Рассмотренный художественный приём — использование формальной, почти протокольной ремарки для легитимации и введения в текст чуда, сверхъестественного события — занимает важнейшее, ключевое место в общей художественной системе Булгакова. Он отражает его глубинное драматургическое мышление, его любовь к чётким сценическим границам, к отточенным диалогам и ремаркам, к построению действия по законам театра. Этот приём работает на стыке нескольких мощных литературных традиций: традиции сказа (с его субъективным, комментирующим рассказчиком), готической и романтической повести (с её атмосферой тайны и чуда), психологического романа нового времени (с его интересом к внутреннему миру) и философской притчи. Булгаков виртуозно синтезирует эти традиции, создавая свою уникальную, легко узнаваемую манеру, в которой мистическое обретает невероятную весомость, достоверность и убедительность именно через подчёркнутую формальность, почти бюрократизм его описания. Анализ микроуровня текста, подобный проведённому, наглядно показывает, что эта уникальная манера покоится не на пустом месте, а на виртуозном, филигранном владении словом, синтаксисом, ритмом и композицией. Кажущаяся простота и естественность прозы Булгакова обманчива и является результатом высочайшей, отточенной писательской техники.

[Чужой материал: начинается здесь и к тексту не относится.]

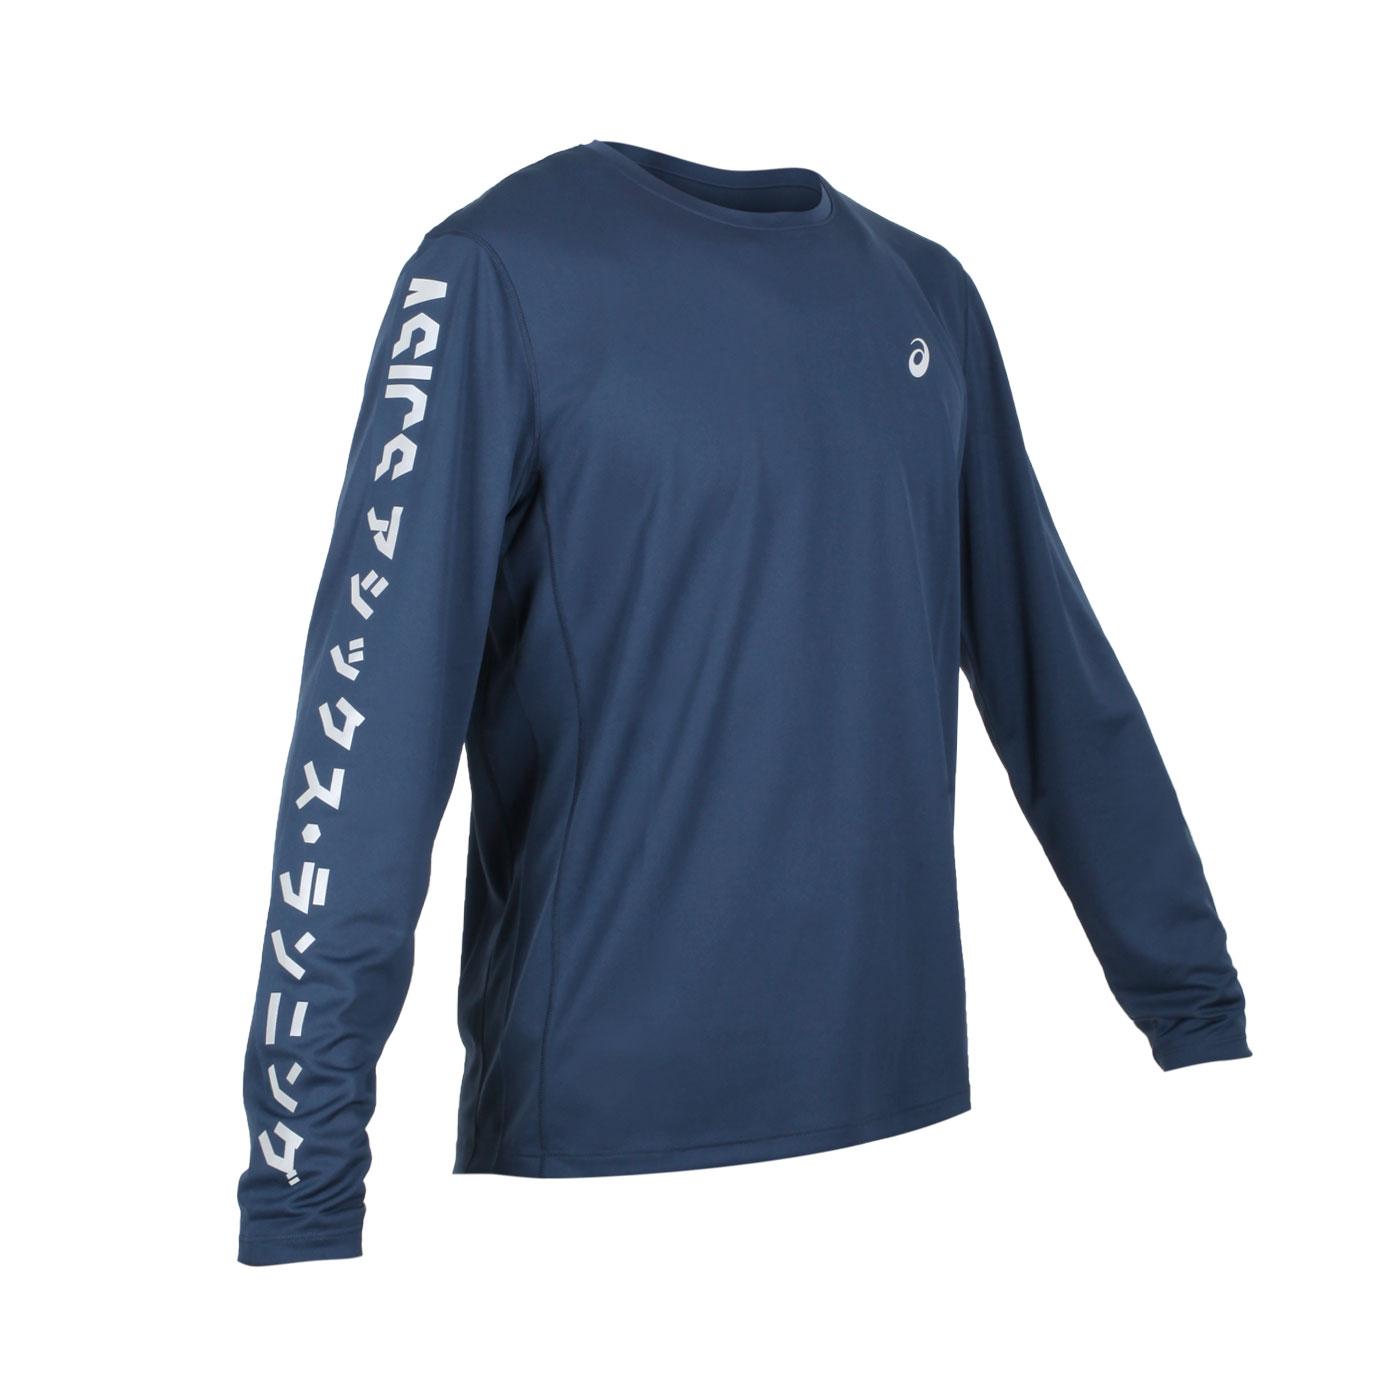 ASICS 男款長袖T恤 2011A818-407
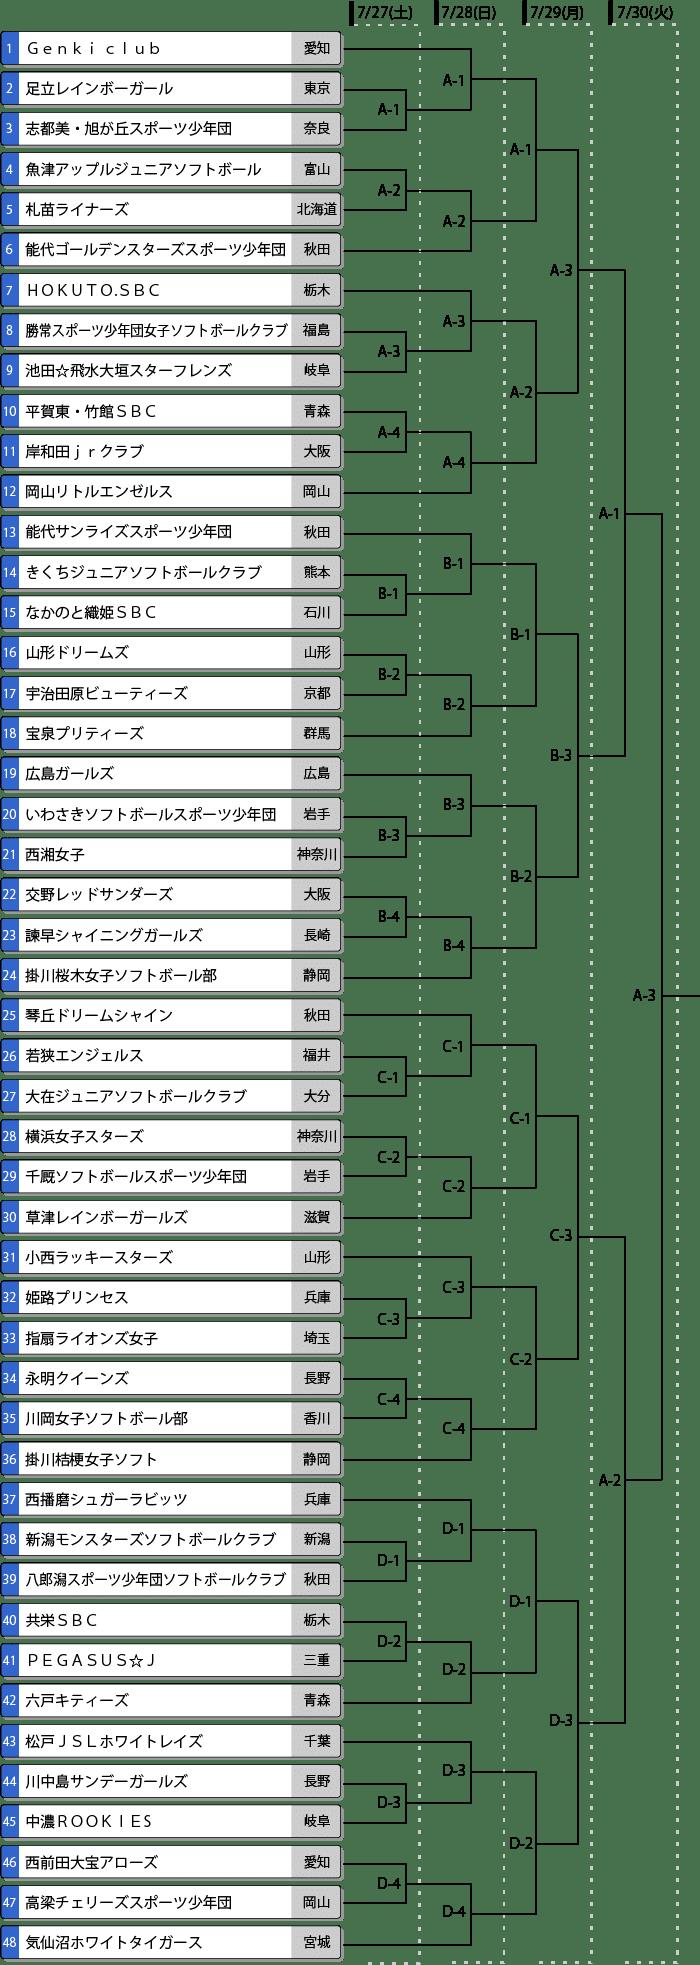 全日本小学生女子大会組み合わせ表

Подводя окончательный итог, можно утверждать, что разобранная фраза из первой главы служит своеобразной моделью, парадигмой того, как Булгаков выстраивает встречу, столкновение разных миров внутри своего романа. Она демонстрирует, что переход от повседневного быта к мистике, от реальности к фантастике осуществляется у него не через размывание границ, не через туманные намёки и полутона, а через их чёткое, почти графичное обозначение, через формальное объявление. Странность объявляется, нумеруется, получает конкретного адресата — и только после этого следует её подробное, красочное, психологически достоверное описание. Этот метод создаёт особое, уникальное художественное напряжение между формой (протокольной, сухой, рациональной) и содержанием (иррациональным, пугающим, необъяснимым). Именно в этом напряжении, в этом зазоре и рождается та самая неповторимая булгаковская фантастика, которая одновременно достоверна и призрачна, смешна и пугающа, конкретна и метафизична. Понимание работы этого небольшого, но исключительно важного нарративного узла открывает путь к более глубокому, осмысленному и тонкому прочтению всего романа «Мастер и Маргарита» не просто как занимательной истории, а как тщательно сконструированной, многоуровневой художественной вселенной, где каждая деталь, каждое слово находится на своём, строго определённом месте.